Mais si ces projets relèvent de l’interrogation pasolinienne sur le futur d’une humanité qui sache projeter à l’horizon de son propre devenir historique ses origines les plus ancestrales pour perpétrer la survivance de l’antique dans le présent, l’utopie pasolinienne ne saurait se réduire à ces questionnements. Avant même l’écriture définitive de Porno-Teo-Kolossal, Pasolini réalise une œuvre qui fonctionne comme une véritable utopie. Il s’agit du Decameron, le premier film de sa Trilogia della Vita avec I racconti di Canterbury et Il fiore delle Mille e una notte.

Naples cité utopique

Au premier abord, le Decameron n’a pas la cohésion d’une utopie : sa structure fragmentaire (neuf récits), l’importance de la dimension narrative, le ton léger et comique de la plupart des nouvelles, sa parenté directe avec le chef-d’œuvre de Boccace, sa nature apparemment apolitique, invitent à mobiliser d’autres outils interprétatifs que ceux que la tradition utopique met à notre disposition. Les utopies, souvent marquées par leurs descriptions neutres et informatives, leur focalisation principalement externe et panoramique, la quasi absence d’une trame narrative (au moins chez More et ses émules), leurs projets sociaux toujours présents en filigrane, réveillent en effet un imaginaire bien différent de l’univers du Decameron pasolinien. Cependant, si l’on suit de près la genèse du film et si l’on observe attentivement le réseau de renvois et raccords qui relie les récits, nous découvrons une unité, une cohérence, une vis utopica qui échappent à première vue. 

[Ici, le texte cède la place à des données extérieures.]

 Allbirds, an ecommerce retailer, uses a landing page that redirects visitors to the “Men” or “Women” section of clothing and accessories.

Dans un premier temps, Pasolini avait imaginé un Decameron international aussi riche géographiquement que le chef-d’œuvre de Boccaccio. Toutefois, en avançant dans la genèse de son film, il décide progressivement de limiter la spatialité à un unique lieu, porteur pour lui d’une force symbolique très forte : la ville de Naples, qui était pour lui une exception dans l’Italie néo-capitaliste transformée par le « miracle économique », comme il l’explique dans une interview à Ezio Golino de 1973 :

Sono secoli che i napoletani si adattano mimeticamente a chi è sopra di loro, ma poi nella sostanza restano uguali, conservano il loro modello culturale. E di quale nazione dovrebbero sentirsi cittadini i napoletani ? Almeno a Napolo qualcosa di autentico sopravvive. Solo a Napoli il dialetto e il suo mondo esistono ancora (Gulinucci, 1995, 220-223).

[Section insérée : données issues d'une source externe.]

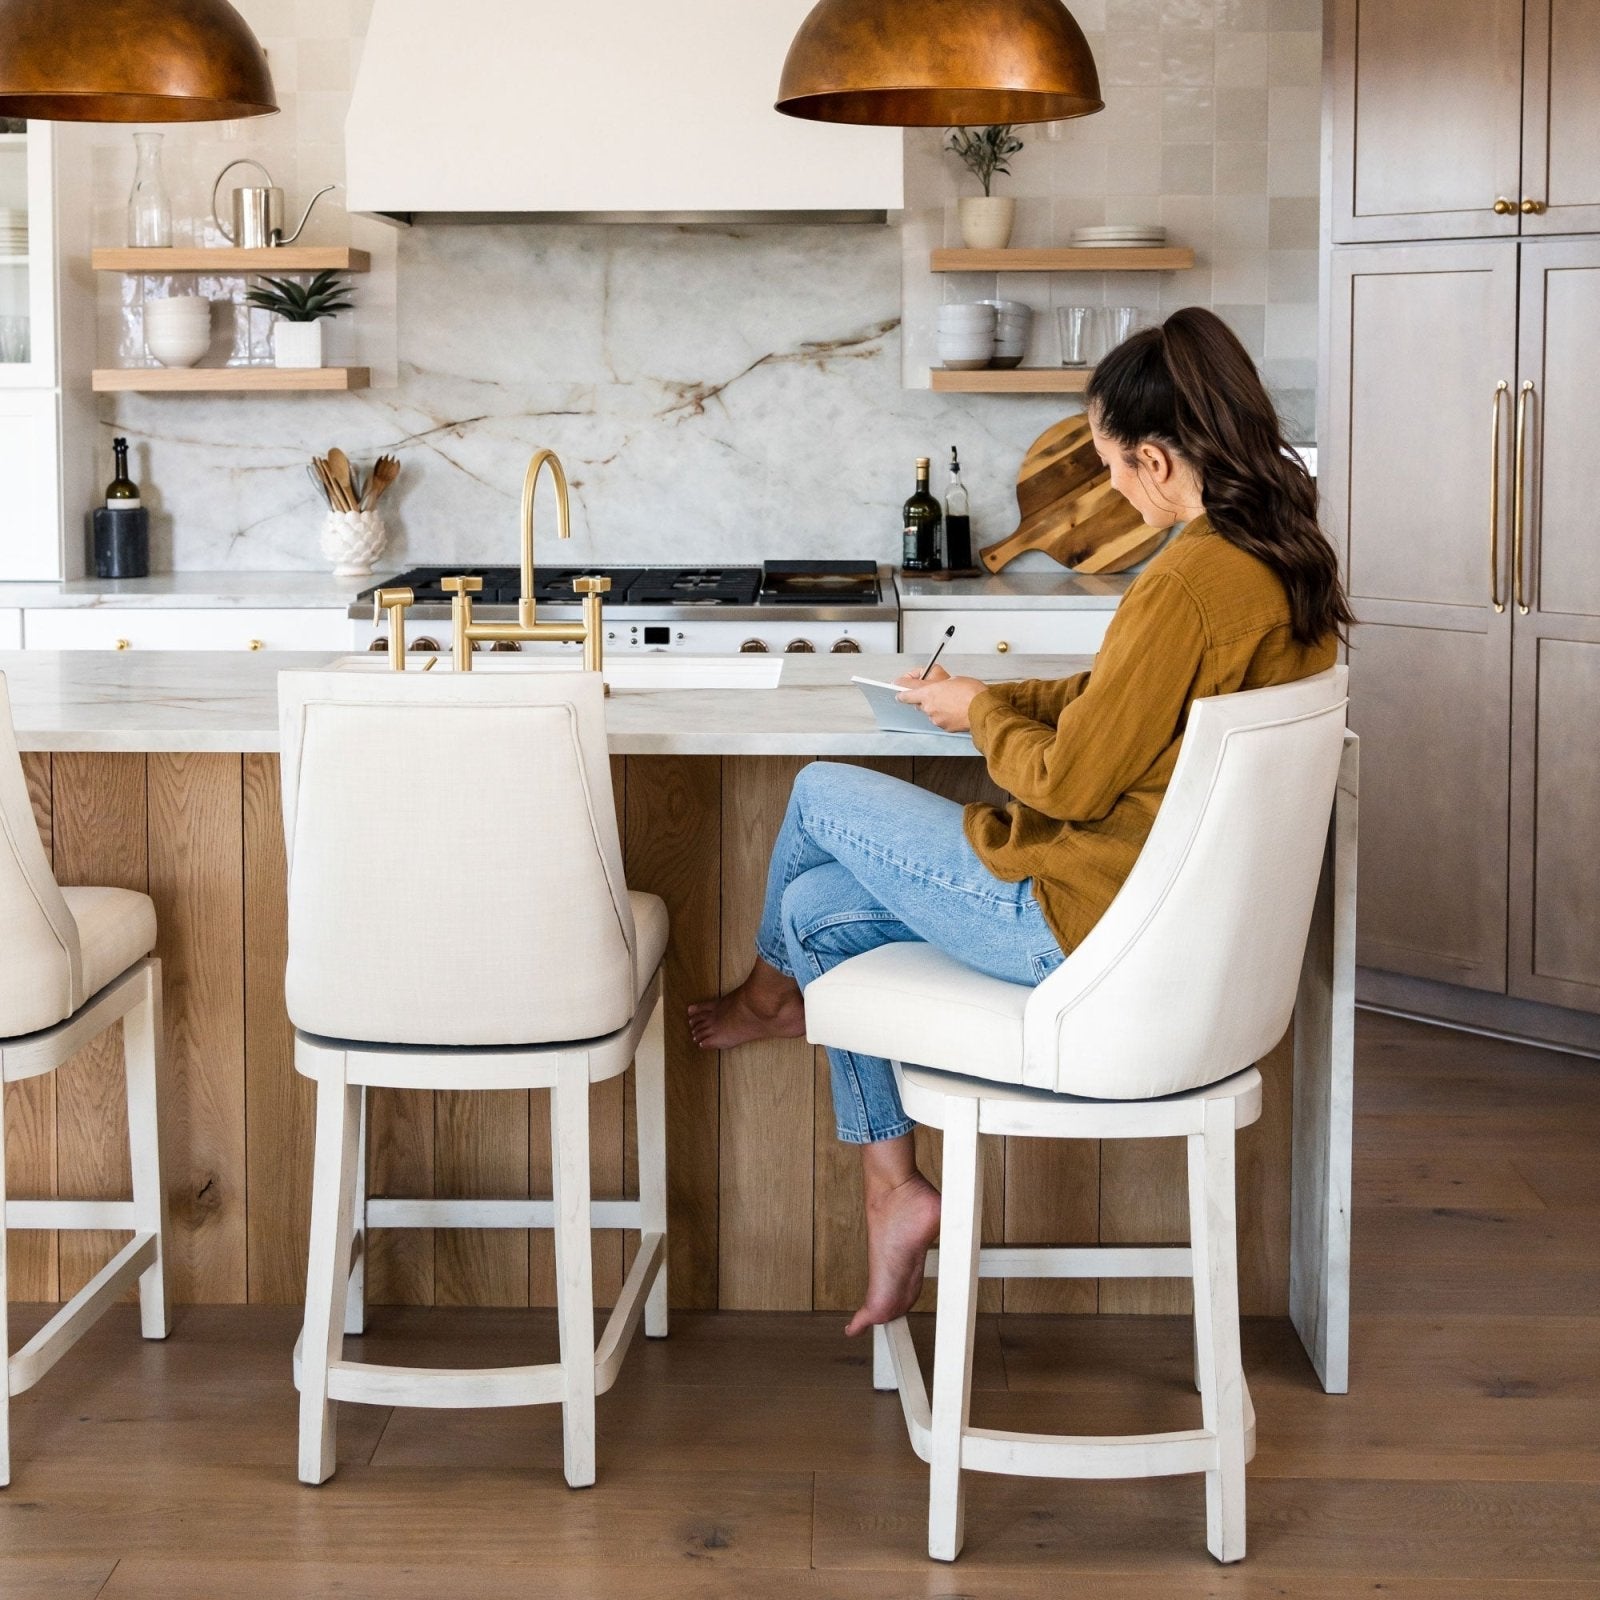 Vienna Bar Stool in White Oak Finish with Natural Fabric Upholstery in Stools by Maven Lane

Le Naples du Decameron est toutefois, de fait, un espace-temps imaginaire. En effet, Pasolini a tourné son film moins dans la ville elle-même que dans plusieurs localités limitrophes de la Campanie et du Latium qui conservaient ces caractères archaïques qui auraient conféré un aspect subtopique à la cité racontée dans son film. Ces fragments spatiaux, recherchés et assemblés minutieusement par le cinéaste, construisent au fil du film une ville complète, avec ses marchés, ses lieux de culte et sa campagne. 

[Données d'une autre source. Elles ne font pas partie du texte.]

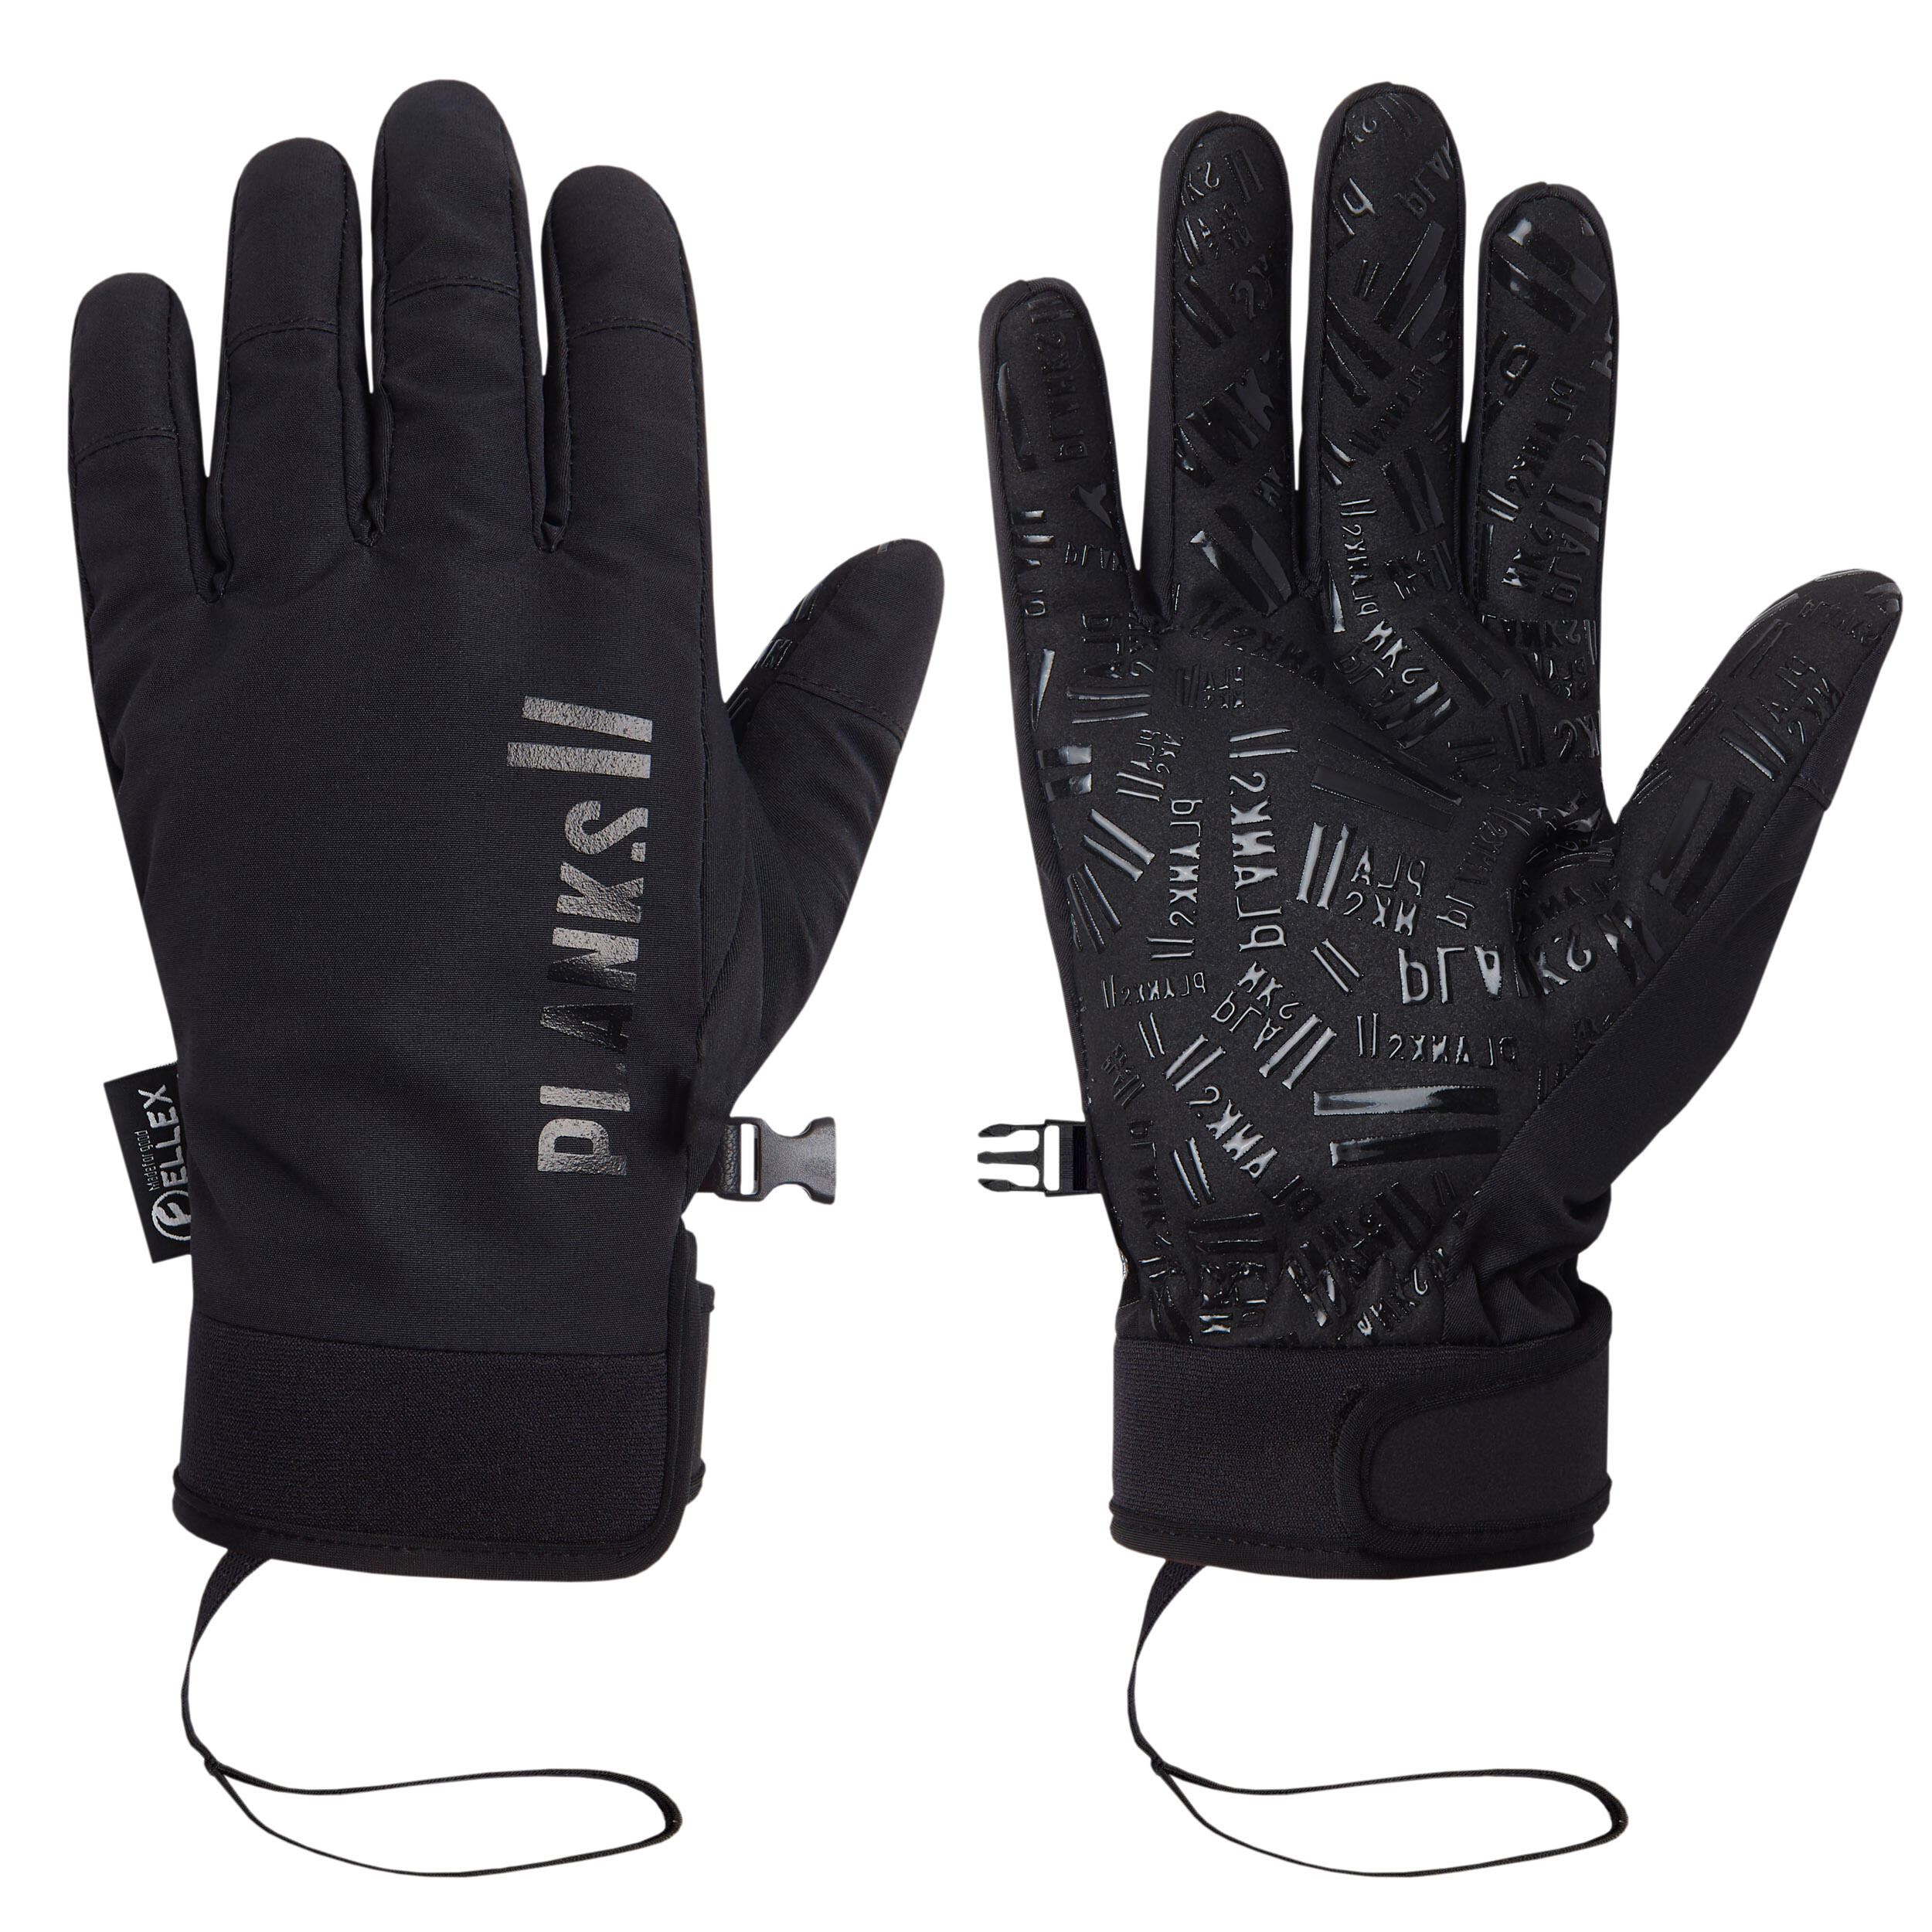 Planks High Times Unisex Insulated Pipe Ski Gloves in Black with Print Palm 1/2

Véritable maille du film, ces espaces de vie commune reviennent d’une nouvelle à l’autre et ici se rencontrent les personnages des différents récits. Les nouvelles de « Ciappelletto », « Andreuccio », « Giotto », « Gemmata », « Tingoccio et Meuccio » gravitent autour de lieux pivots comme le marché de bétail, la ruelle avec la représentation de la Vierge à l’Enfant, la place Santa Chiara et sa basilique et le marché de fruits et légumes. Les autres nouvelles, ayant une dimension plus rurale, sont insérées dans cette trame géographique commune par une autre stratégie. Leurs protagonistes apparaissent dans les autres épisodes en faisant court‑circuiter l’autonomie de chaque récit : les nonnes de la nouvelle de Masetto attendent Giotto devant la basilique de Santa Chiara et deux d’entre elles font les courses au marché, Lisabetta joue avec un groupe de jeunes filles de son âge au début de la nouvelle de Caterina, la famille de cette dernière se rend au marché de fruits et légumes où travaillent les maîtresses de Tingoccio et Meuccio et où Giotto les regarde. La continuité que le cinéaste établit entre les différents lieux du Decameron institue donc des liens entre les personnages des différentes nouvelles qui sont ainsi dotés d’une identité commune napolitaine.

Si la construction spatiale est une des stratégies qui confèrent au film une unité forte qui résout la fragmentation narrative, la langue du Decameron, le dialecte napolitain, joue également un rôle crucial. De la même manière que dans Poesie a Casarsa et dans les œuvres de la période romaine Pasolini avait crée une osmose physique, topographique et linguistique, avec le premier film de la Trilogia della Vita, il reprend ce dispositif en fabriquant un univers autonome, une véritable « île linguistique », une entité ab‑solue, à savoir libérée de tout lien avec une altérité qui pourrait la contaminer. Bien que le Naples que Pasolini réinvente pour son Decameron ne soit pas une île comme Utopia de Thomas More, par le travail sur la géographie du film et l’unité linguistique, le cinéaste accomplit une véritable opération d’isolement visant à concentrer dans le périmètre de cette ville inventée une étrangeté spatio‑temporelle qui supporte mal des contaminations extérieures qui pourraient perturber son authenticité.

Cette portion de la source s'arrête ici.